A 66-year-old woman was admitted to the gastroenterology department with epigastric pain, nausea, and subicterus. Her complaints had begun 6 h earlier. Her abdomen was soft and flat, with localized tenderness on palpation in the right subcostal area. Laboratory studies revealed a white cell count of 17.9x109/L, hemoglobin concentration of 14.4 g/dL, and platelet count of 48x109/L, and they were notable for elevated serum cholestatic enzymes. The abdominal ultrasound was remarkable for cholangitis. The patient received broad-spectrum antibiotics. A peripheral blood smear examination, performed to evaluate thrombocytopenia, revealed the presence of blue intracytoplasmic inclusions in neutrophils (Figure 1A-C). On the 11th day of treatment, her blood smear was examined once again and the Döhle body-like inclusions were resolved (Figure 1D).

Figure 1

A) Inclusion bodies in neutrophils and macrothrombocyte; B), C) inclusion bodies in neutrophils; D) peripheral blood smear after treatment.

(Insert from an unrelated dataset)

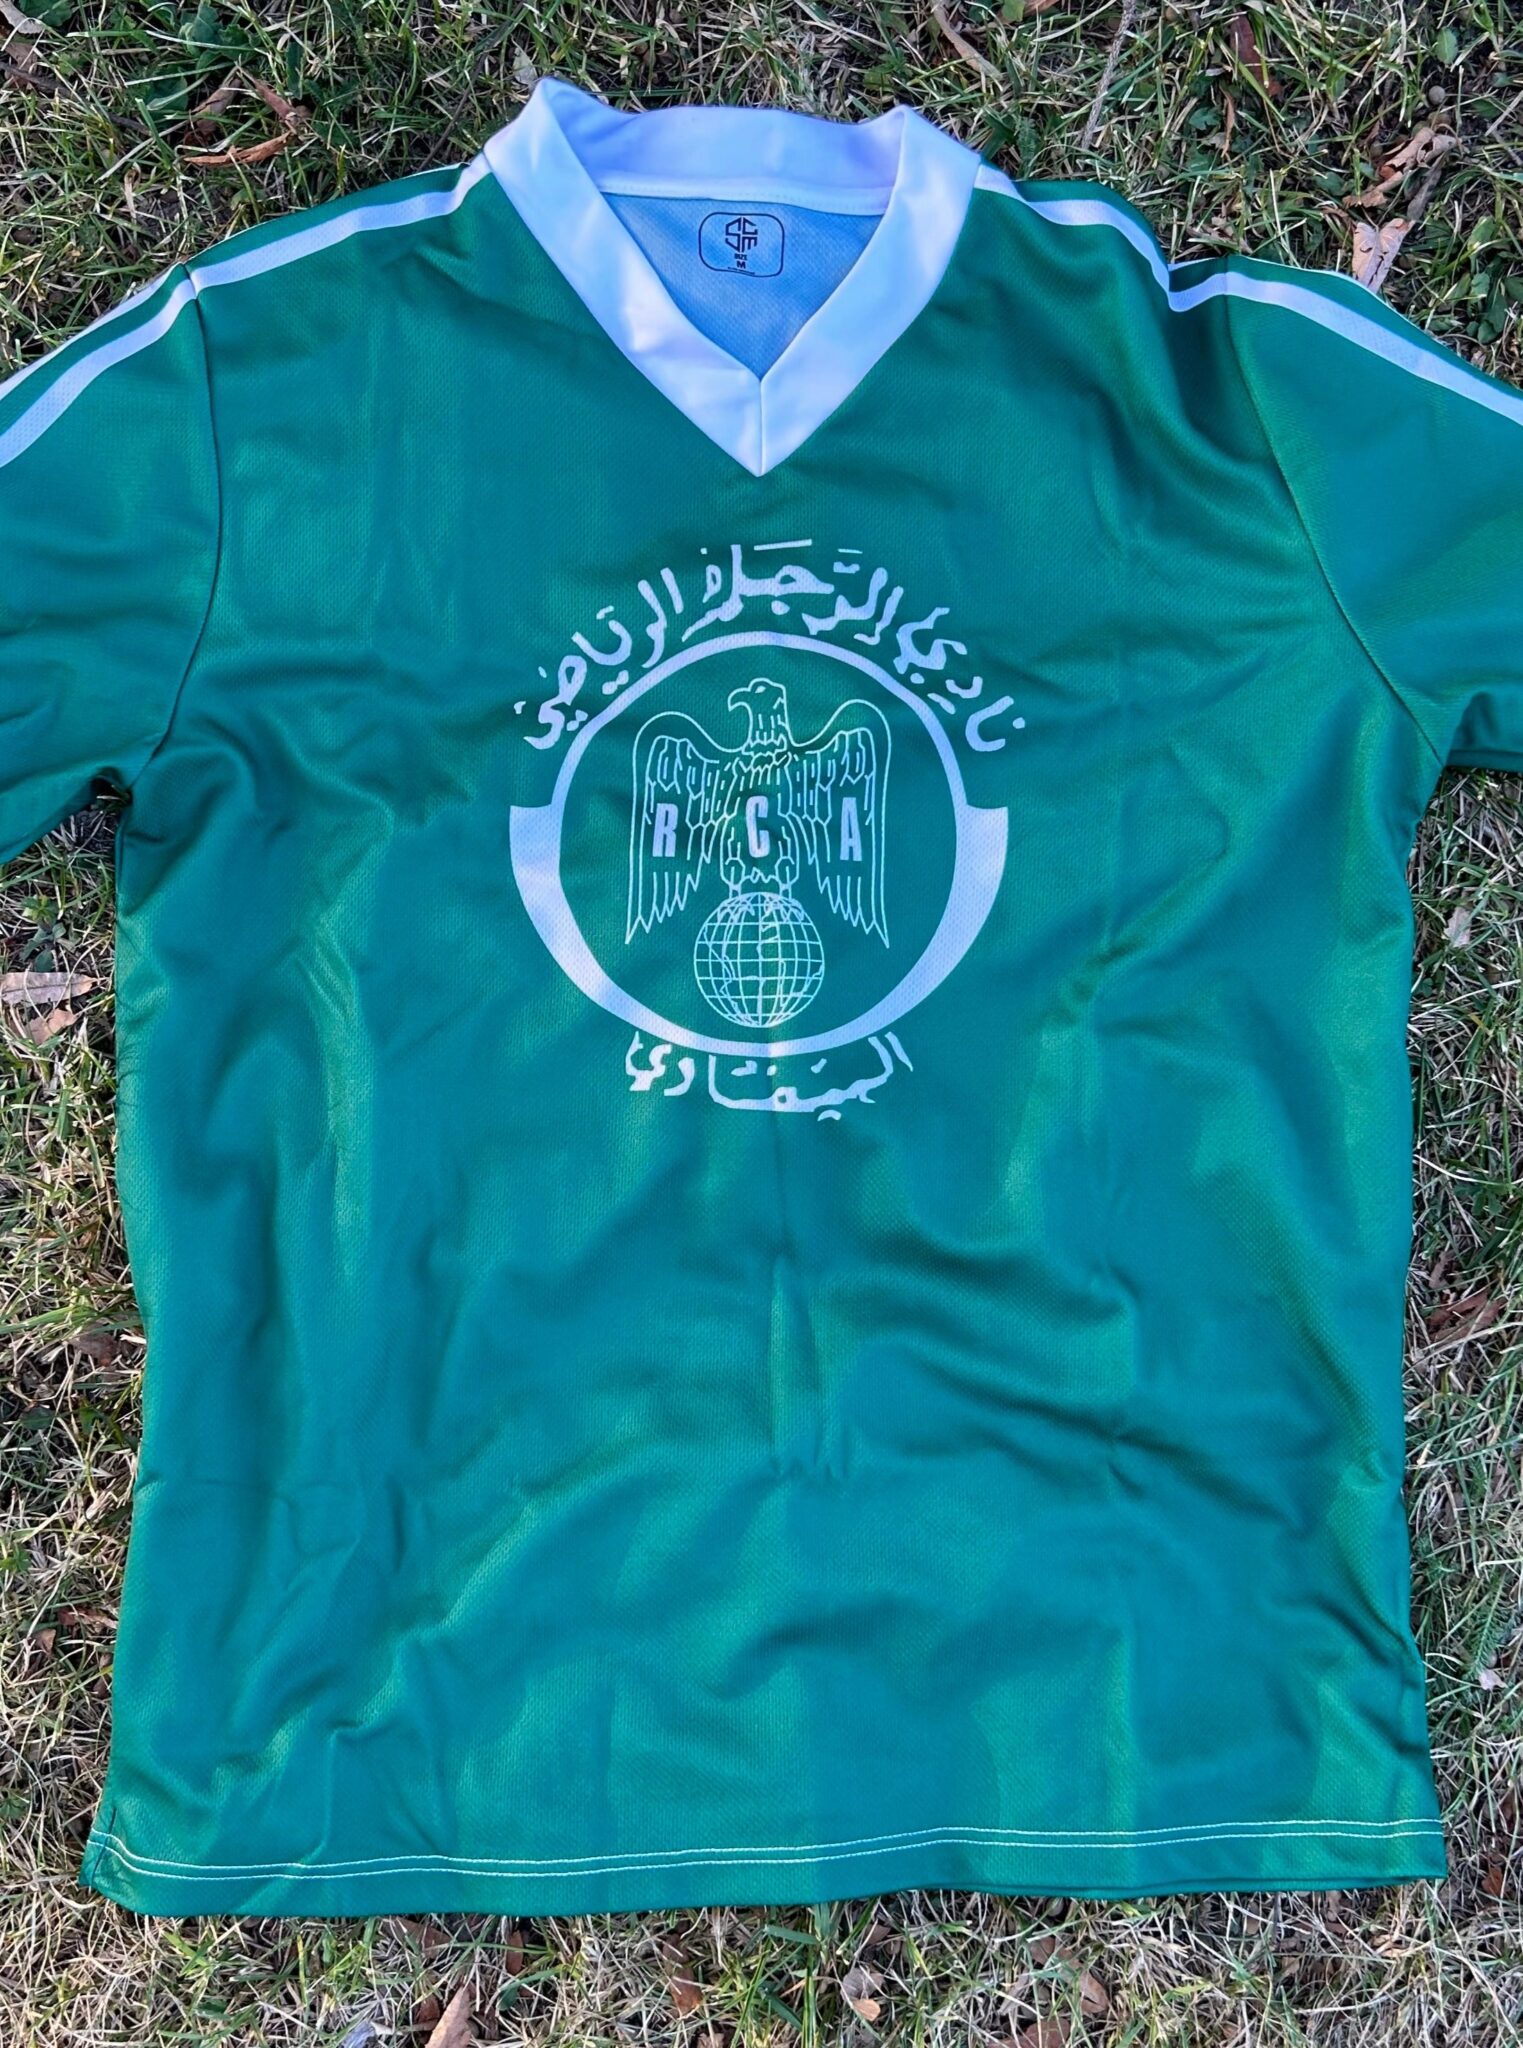 Raja Casablanca Football Jersey 1984/1985 : "Green Eagles" Morocco نادي الرجاء الرياضي - Sport Club Memories

May-Hegglin anomaly is an uncommon autosomal dominant abnormality characterized by large, basophilic inclusion bodies (resembling Döhle bodies) in neutrophils [1,2]. Döhle bodies can be seen in bacterial infections. Hematologic findings of systemic diseases may be confused with hematological diseases such as May-Hegglin anomaly. We thought that the granules were Döhle bodies due to cholangitis. The disappearance of the inclusion bodies upon treatment is important in differential diagnosis.